1998年といえば、もう20年余も前。そんな昔に作られた曲が今の若者の心を捉えている、という事実、これ1つだけでも中島みゆきの凄さがわかろうというものだが、それをいうなら、日本の歌百選に選ばれ、教科書にも載っている昭和を代表する名曲中の名曲『時代』がリリースされたのは1975年。中島みゆき23歳のときだ。ちなみに『時代』は2作目のシングルで、デビュー曲は『アザミ嬢のララバイ』。それにしても、「♪今はこんなに悲しくて、涙も枯れ果てて、二度と笑顔にはなれそうもないけど――そんな時代も、あったねと、いつか笑って、話せるわ♪」という、まるで人生の酸いも甘いも噛み締めてきた人が書くような歌詞を、23歳の若さで書いた中島みゆきは、天才としか言いようがない、と思う。
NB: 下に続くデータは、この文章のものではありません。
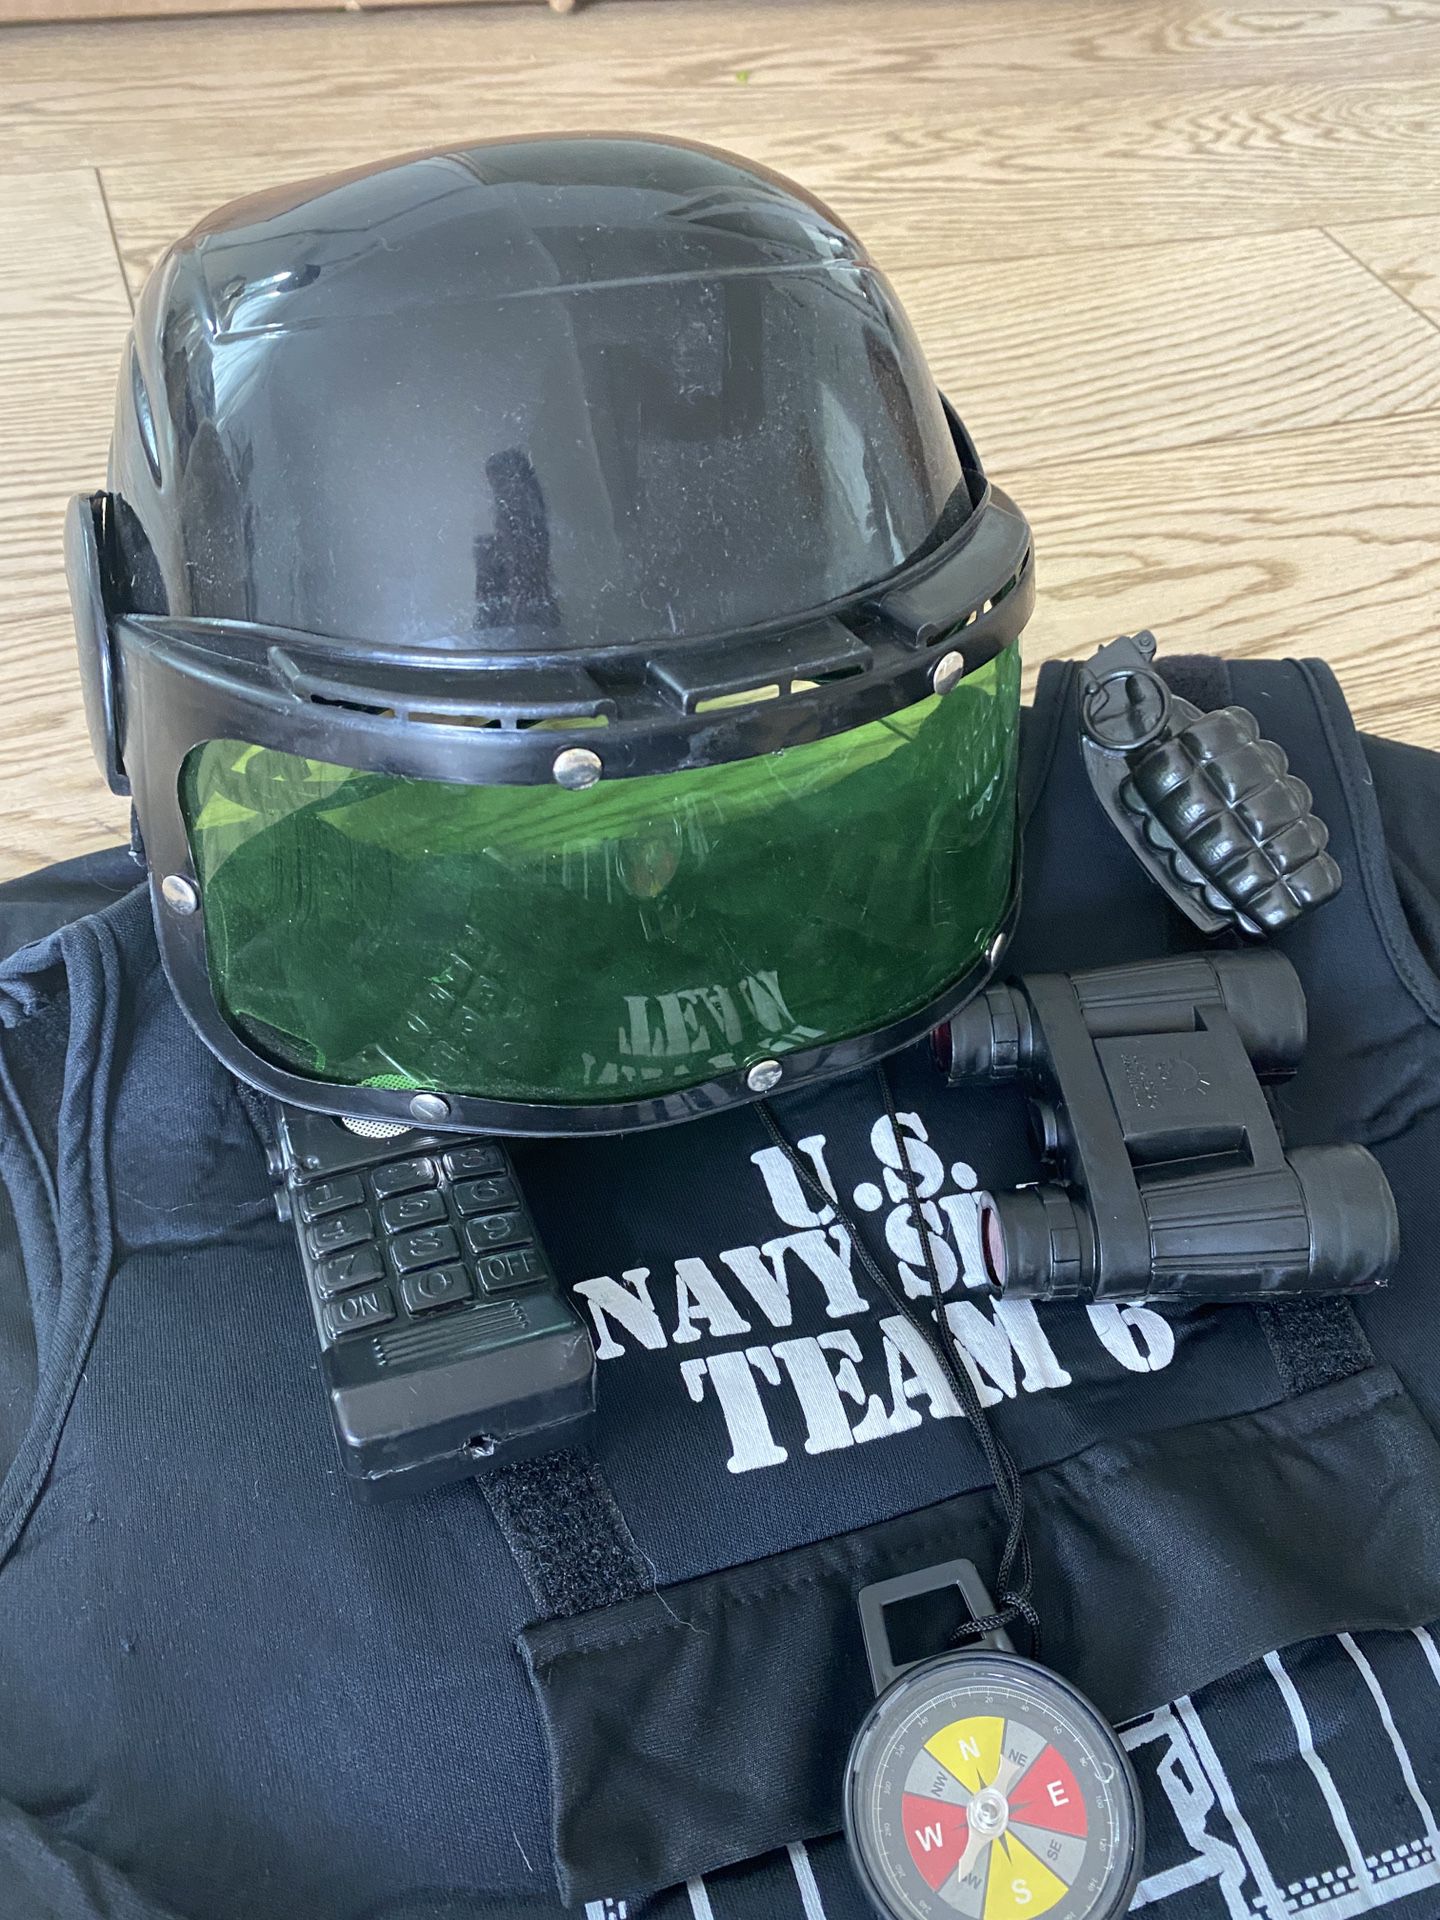 Halloween Swat Vest With Velcro Accessories And Helmet

そんな中島みゆきの『命の別名』と『糸』は、当時ヒットしたTBS系ドラマ『聖者の行進』のW主題歌としても知られ、この『聖者の行進』が知的障害を持つ青年を主人公としたドラマであり、『命の別名』の歌詞もドラマの内容をほぼ忠実に彷彿させることから、この歌は“障害者の歌”とも呼ばれている。私は、発達障害を含め障害を持つすべての人たち、また、その家族や関係者など少しでも障害に関わる人、関心がある人はすべからく、この『命の別名』を聴いて、歌詞を噛み締め、心に抱いてほしい、と願っている。決して大げさではなく。

で、そこまで言うからには、その『命の別名』の歌詞を全部ここで引用したい、と思ったのだが、例によってブログの文章が長くなり過ぎたので、泣く泣く割愛。でも、ちょっとだけ触れると、「♪石よ樹よ水よ誰よりも、人を傷つけぬものたちよ♪」という箇所で、例えのスケールの大きさを感じ、「♪繰り返す過ちを、照らす灯をかざせ、君にも、僕にも、すべての人にも♪」で、相模原だったけ?あの障害者が殺された事件を思い浮かべ、さらに「♪命につく名前を、心と呼ぶ♪」というサビでぶわっと涙が溢れ出す。どういう人生を送ったら、こんな凄い歌詞を書けるのだろう。これはまさに“神”の視点だ。と誰かがいってたが、その通りだと思う。この『命の別名』を聞いたNHKのプロデューサーが、同じような曲を、と依頼してできたのが、伝説の番組『プロジェクトX~挑戦者たち~』の主題歌『地上の星』だという。納得ですな。でも、私は『地上の星』より、エンディングテーマの『ヘッドライト・テールライト』のほうが好きだけどね。

というわけで、「発達障害」にかこつけて、障害者を唄ったとされる『命の別名』を紹介でした。ぜひ、皆さんも実際にこの曲を聴いて、歌詞を噛み締めていただけたら幸いです。今回もまたまた長くなりすぎた(いつものことですが)文章を最後まで読んでいただきありがとうございました。